#### What this task involves:
For each line below that includes the string "appartement", show the whole line.

===

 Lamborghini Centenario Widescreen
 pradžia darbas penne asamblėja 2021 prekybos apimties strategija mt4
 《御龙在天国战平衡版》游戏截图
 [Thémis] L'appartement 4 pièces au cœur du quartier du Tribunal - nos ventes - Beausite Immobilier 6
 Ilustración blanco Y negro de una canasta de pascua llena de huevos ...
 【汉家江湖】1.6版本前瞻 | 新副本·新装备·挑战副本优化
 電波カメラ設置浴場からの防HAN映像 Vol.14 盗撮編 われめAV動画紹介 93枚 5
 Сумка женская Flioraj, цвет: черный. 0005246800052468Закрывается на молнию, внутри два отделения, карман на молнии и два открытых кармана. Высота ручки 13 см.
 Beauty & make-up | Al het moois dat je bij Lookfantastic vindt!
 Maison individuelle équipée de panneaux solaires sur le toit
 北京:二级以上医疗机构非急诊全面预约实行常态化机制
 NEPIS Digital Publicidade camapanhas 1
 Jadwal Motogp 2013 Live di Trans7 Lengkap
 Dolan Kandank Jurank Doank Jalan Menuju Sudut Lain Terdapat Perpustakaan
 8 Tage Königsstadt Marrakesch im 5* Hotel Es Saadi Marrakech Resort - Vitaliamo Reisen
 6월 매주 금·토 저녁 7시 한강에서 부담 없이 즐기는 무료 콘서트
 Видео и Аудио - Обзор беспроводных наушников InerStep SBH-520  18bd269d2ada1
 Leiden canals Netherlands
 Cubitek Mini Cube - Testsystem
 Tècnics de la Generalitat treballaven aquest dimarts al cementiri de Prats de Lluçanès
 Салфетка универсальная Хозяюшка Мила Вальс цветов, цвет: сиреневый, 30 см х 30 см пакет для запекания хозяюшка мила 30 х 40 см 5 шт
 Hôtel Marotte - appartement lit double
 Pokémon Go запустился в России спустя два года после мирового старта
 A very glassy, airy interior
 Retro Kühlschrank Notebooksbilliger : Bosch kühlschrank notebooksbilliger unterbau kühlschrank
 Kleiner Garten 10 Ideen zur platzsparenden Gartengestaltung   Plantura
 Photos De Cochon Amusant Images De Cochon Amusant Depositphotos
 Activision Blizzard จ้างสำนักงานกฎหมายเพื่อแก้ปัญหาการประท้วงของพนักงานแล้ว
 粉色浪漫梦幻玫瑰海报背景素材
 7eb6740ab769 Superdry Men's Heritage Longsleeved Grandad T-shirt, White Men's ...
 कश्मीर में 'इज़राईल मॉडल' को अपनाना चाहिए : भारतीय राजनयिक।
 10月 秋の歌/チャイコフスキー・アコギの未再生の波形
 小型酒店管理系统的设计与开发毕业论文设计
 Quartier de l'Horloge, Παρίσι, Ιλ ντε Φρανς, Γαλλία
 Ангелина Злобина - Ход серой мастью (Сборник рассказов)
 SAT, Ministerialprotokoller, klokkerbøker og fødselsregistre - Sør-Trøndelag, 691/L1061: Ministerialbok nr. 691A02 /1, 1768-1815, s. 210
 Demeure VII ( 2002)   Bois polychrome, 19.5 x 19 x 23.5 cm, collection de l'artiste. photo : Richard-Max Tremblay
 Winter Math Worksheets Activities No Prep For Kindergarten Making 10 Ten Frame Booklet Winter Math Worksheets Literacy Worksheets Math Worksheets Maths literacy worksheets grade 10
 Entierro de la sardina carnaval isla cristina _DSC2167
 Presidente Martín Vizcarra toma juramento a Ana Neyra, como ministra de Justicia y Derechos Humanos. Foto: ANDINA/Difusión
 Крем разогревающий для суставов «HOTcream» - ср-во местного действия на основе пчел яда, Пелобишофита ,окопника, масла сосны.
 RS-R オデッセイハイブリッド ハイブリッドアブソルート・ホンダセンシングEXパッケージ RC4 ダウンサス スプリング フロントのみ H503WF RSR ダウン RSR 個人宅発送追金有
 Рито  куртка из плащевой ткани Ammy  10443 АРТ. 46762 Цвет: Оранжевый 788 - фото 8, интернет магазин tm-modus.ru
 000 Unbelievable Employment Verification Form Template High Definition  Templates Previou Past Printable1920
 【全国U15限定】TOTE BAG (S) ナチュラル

===

#### Answer below:
 [Thémis] L'appartement 4 pièces au cœur du quartier du Tribunal - nos ventes - Beausite Immobilier 6
 Hôtel Marotte - appartement lit double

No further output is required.